Related: As Unions Lose More Members, Dems See Setbacks
In Chattanooga, it wasn’t enough. Americans’ view of Big Labor, though somewhat more positive than at the trough of the recession, has not recovered from the collapse of the Detroit automakers in 2009. When the government stepped in with $80 billion to bail out GM and Chrysler, Americans learned the inconvenient truth – that unions had rendered US manufacturers uncompetitive. We learned that GM was paying workers more than $70 per hour including benefits, compared to $48 at Toyota’s U.S. plants and the average private sector wage of $25.
The impact of the Detroit bailout was profound in part because the giveaways to the UAW at the time were shocking. Then, Detroit declared bankruptcy. It doesn’t take much imagination to lay the demise of that once-proud city at least partly at the door of the UAW. Folks in Chattanooga hope their city’s future is brighter, and today it is.

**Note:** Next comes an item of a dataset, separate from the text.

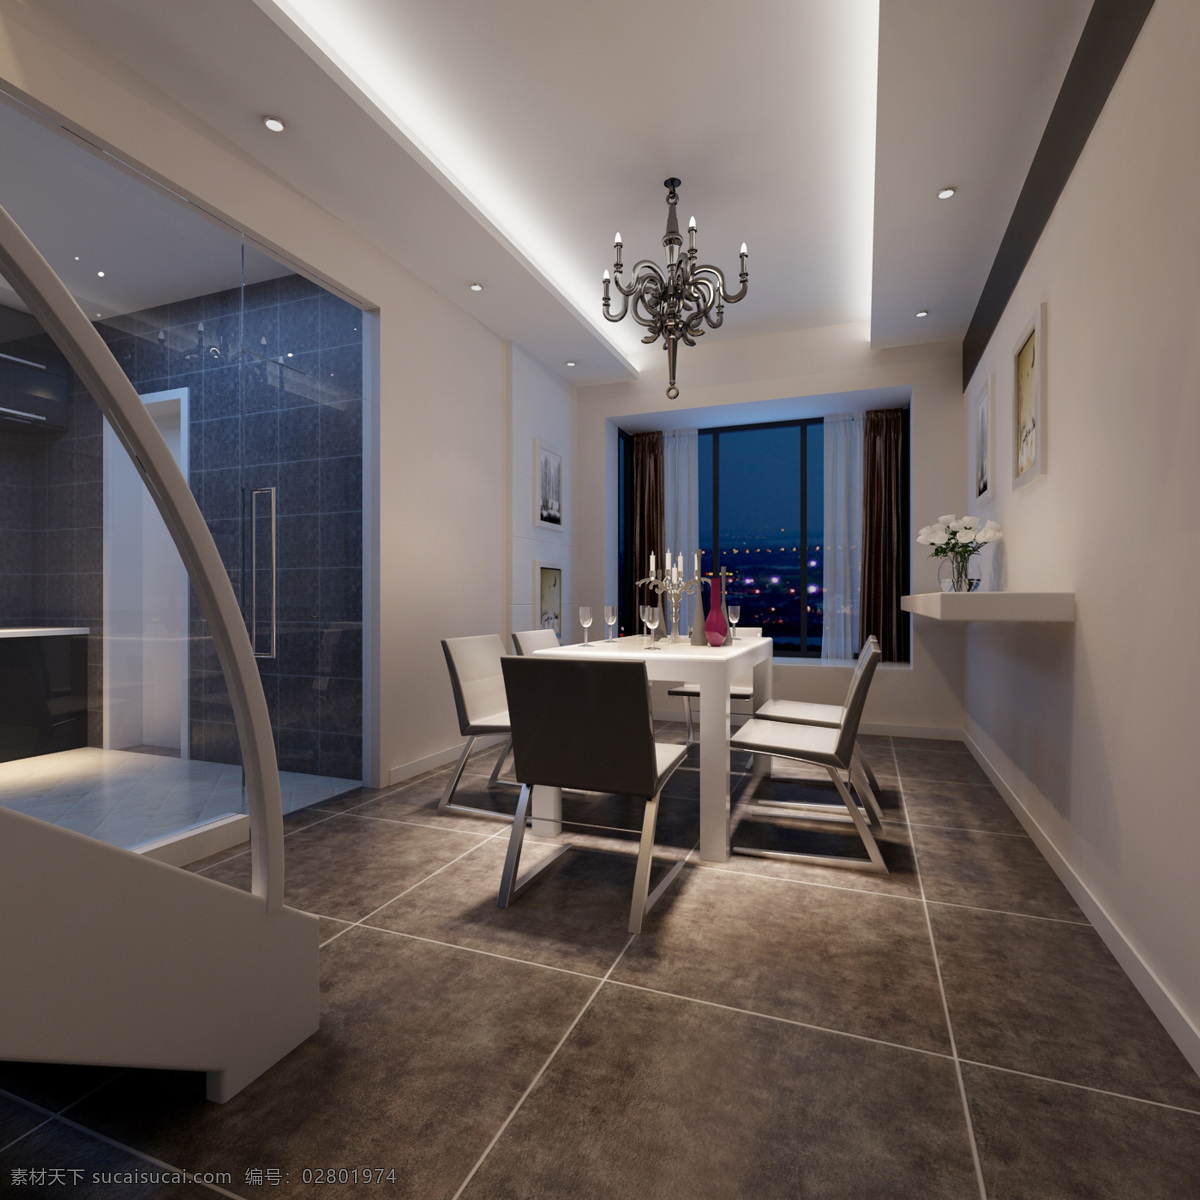 餐厅 3d 3d设计 灯光 简约 客厅 室内设计 现代 效果图 3d模型素材 其他3d模型

If employers are smart, they will encourage the kind of dialog and collaboration promised by worker councils, and figure out a way to get around any legal impediments. Such communication can only be positive. Management can learn a lot from workers, and vice versa. But, they don’t need stifling union work rules to make it happen. The VW workers in Chattanooga intelligently sent that message loud and clear.